Using only the entries below, output the lines starting at the one containing "TLMY 引き締めマスクマスク美容薬マスク美容V顔包帯ライン彫刻引き締めしっかりダブルチンマスク 顔用整形マスク" and ending at the one containing "32. Статическое испытания моста. Пролет №1", exactly and inclusive of both, omitting the pictures.

▶ _GIVEN ENTRIES_

***

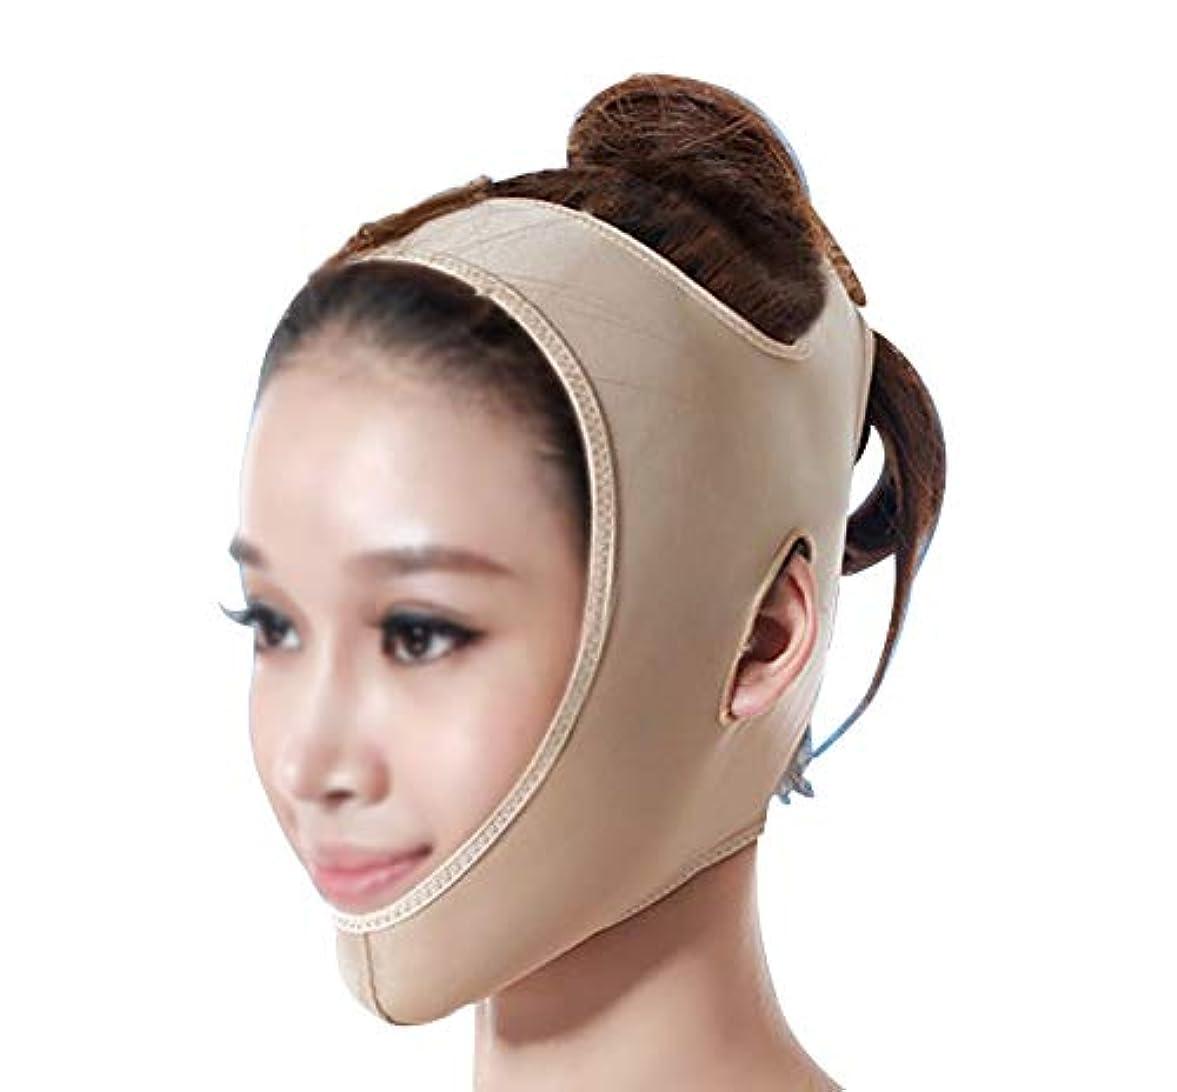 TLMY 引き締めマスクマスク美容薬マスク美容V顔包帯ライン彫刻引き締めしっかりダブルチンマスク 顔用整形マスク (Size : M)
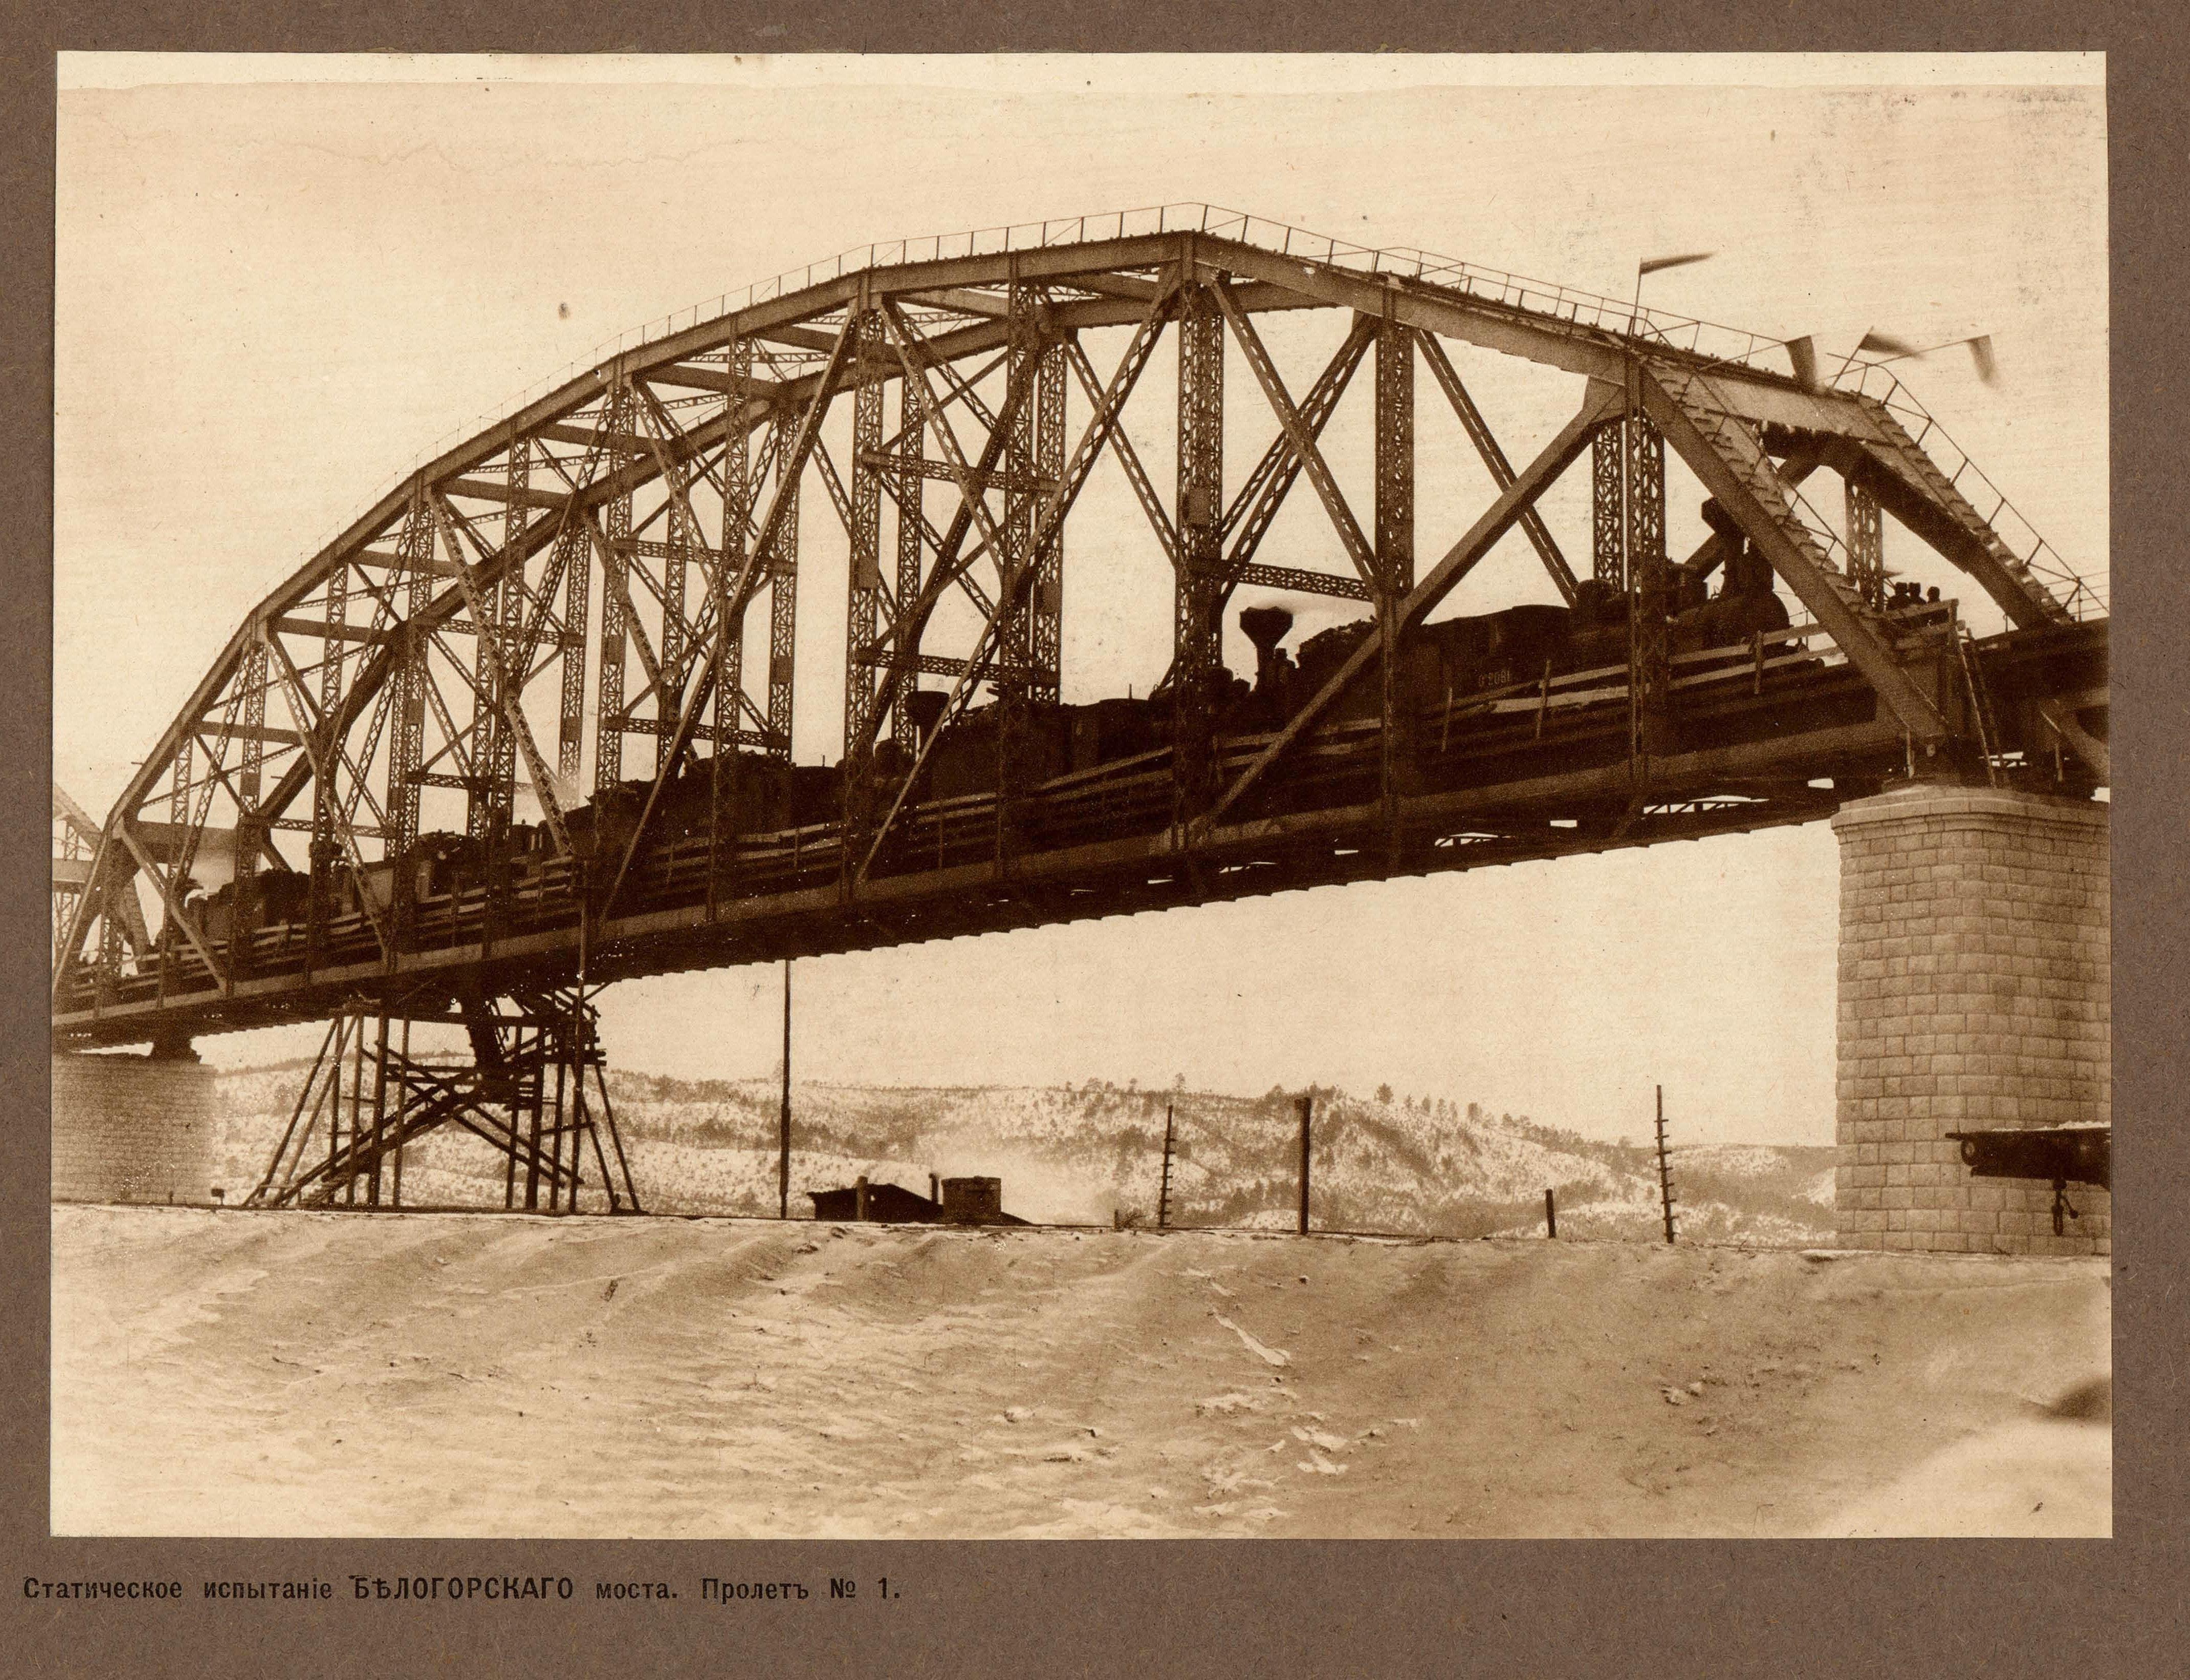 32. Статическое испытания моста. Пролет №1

***

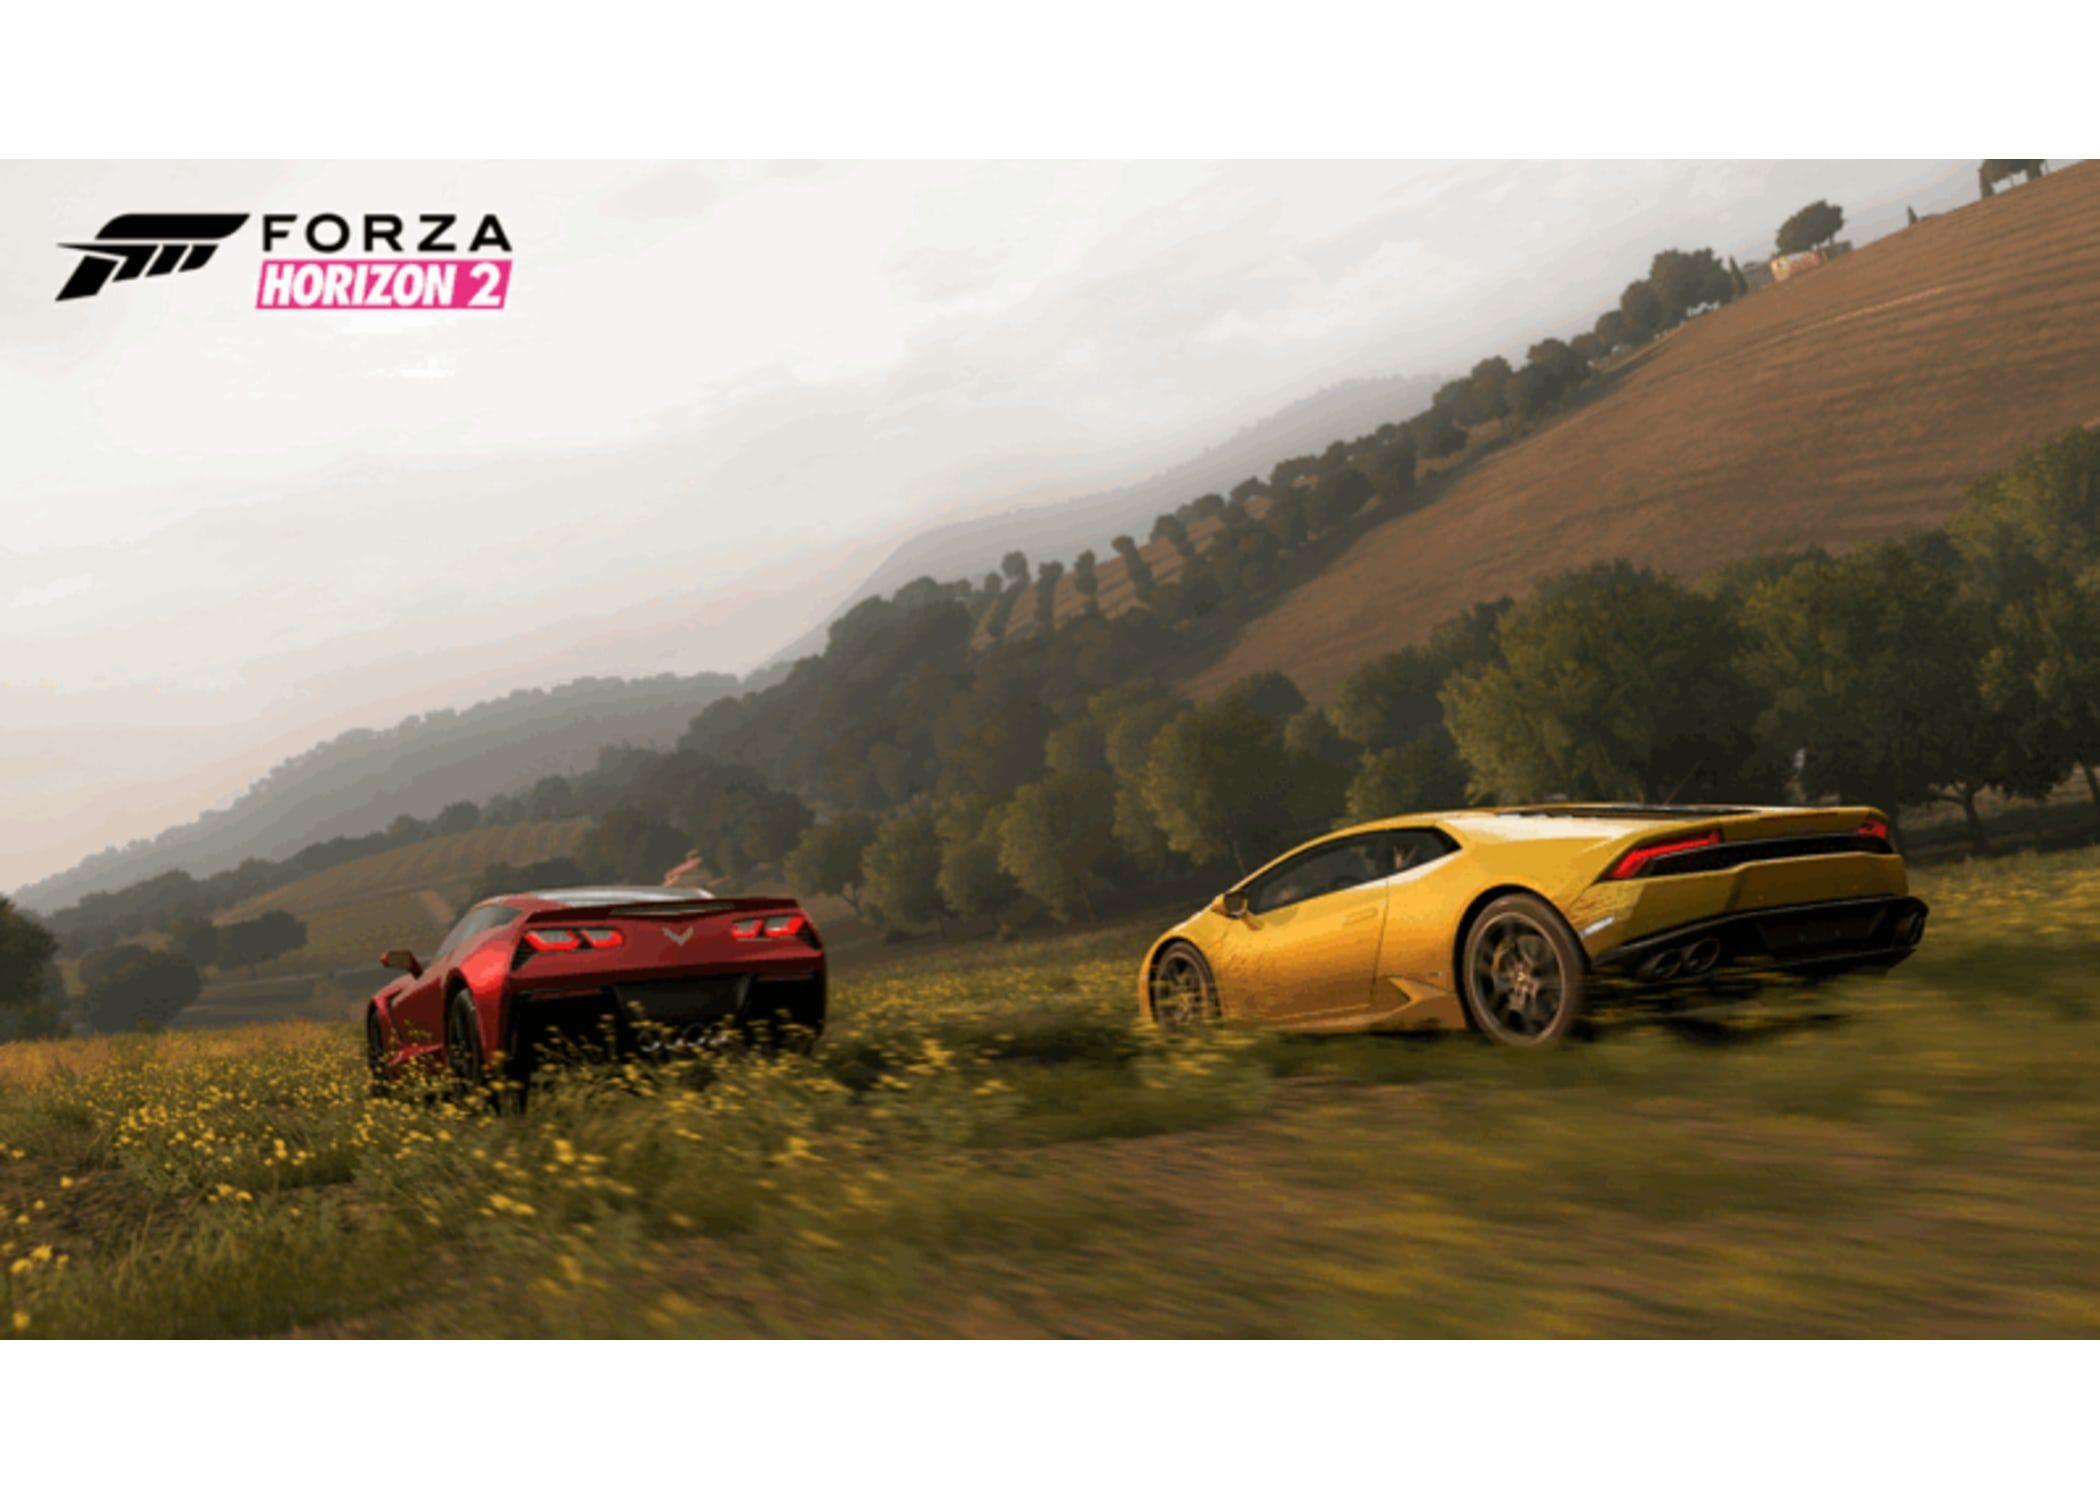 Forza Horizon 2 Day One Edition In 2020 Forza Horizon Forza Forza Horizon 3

***

▶ _SOLUTION FOR THIS TASK_
 TLMY 引き締めマスクマスク美容薬マスク美容V顔包帯ライン彫刻引き締めしっかりダブルチンマスク 顔用整形マスク (Size : M)
 32. Статическое испытания моста. Пролет №1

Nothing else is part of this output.